Items from a dataset:
_____
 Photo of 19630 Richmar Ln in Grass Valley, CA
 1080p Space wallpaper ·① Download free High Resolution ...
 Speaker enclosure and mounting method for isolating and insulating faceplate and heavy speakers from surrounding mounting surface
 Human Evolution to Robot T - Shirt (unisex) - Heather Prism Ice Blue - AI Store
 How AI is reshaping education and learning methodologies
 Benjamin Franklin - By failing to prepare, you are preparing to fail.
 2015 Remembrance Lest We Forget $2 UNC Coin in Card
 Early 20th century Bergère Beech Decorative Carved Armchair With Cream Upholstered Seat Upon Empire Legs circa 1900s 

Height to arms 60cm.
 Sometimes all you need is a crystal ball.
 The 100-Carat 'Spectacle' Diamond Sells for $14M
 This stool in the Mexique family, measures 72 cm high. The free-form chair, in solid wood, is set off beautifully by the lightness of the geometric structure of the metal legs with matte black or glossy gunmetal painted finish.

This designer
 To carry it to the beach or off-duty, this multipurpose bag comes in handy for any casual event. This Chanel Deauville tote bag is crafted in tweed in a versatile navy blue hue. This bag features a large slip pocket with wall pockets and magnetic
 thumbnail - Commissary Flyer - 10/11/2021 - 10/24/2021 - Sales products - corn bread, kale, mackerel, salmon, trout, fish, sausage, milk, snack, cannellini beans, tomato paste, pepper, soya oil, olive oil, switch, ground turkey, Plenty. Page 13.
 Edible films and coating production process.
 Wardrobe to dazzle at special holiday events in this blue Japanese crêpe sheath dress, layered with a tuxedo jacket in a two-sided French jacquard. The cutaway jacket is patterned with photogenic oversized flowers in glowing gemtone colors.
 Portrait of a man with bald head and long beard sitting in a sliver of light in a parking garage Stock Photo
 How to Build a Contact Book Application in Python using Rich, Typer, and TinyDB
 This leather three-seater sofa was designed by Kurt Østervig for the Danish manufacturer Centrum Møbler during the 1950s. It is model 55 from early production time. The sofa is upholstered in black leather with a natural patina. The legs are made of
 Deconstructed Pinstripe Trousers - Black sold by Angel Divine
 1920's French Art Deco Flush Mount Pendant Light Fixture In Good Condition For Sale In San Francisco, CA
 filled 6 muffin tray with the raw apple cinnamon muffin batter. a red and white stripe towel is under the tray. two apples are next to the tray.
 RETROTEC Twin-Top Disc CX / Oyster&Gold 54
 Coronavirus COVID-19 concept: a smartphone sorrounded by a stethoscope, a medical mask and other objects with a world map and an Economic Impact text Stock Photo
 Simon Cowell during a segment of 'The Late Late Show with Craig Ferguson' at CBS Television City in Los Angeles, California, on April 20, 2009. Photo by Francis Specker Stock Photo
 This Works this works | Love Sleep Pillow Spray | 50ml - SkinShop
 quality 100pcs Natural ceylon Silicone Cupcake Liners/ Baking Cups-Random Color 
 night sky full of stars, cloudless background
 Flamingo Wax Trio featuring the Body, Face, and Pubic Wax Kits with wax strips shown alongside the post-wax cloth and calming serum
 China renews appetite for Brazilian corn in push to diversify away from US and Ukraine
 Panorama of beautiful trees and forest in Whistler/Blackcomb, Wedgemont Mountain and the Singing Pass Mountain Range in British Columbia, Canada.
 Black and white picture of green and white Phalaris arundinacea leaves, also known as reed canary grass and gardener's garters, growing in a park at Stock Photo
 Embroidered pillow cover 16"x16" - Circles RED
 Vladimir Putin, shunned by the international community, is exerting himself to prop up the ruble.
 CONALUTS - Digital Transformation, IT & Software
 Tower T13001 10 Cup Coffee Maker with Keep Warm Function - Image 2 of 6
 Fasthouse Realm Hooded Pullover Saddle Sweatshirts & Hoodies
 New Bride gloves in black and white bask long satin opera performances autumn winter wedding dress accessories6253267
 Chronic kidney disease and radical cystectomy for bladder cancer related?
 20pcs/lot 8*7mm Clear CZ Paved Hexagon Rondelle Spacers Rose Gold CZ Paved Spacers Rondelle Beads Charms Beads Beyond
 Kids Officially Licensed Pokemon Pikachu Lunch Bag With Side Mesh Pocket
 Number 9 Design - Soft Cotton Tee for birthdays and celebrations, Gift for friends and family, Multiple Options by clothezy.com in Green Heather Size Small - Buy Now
_____
# Work instruction:
The answer is the run of lines above from the line containing "Human Evolution to" through the line containing "Height to arms 60cm.", copied exactly and alone.

# Result of this exercise:
 Human Evolution to Robot T - Shirt (unisex) - Heather Prism Ice Blue - AI Store
 How AI is reshaping education and learning methodologies
 Benjamin Franklin - By failing to prepare, you are preparing to fail.
 2015 Remembrance Lest We Forget $2 UNC Coin in Card
 Early 20th century Bergère Beech Decorative Carved Armchair With Cream Upholstered Seat Upon Empire Legs circa 1900s 

Height to arms 60cm.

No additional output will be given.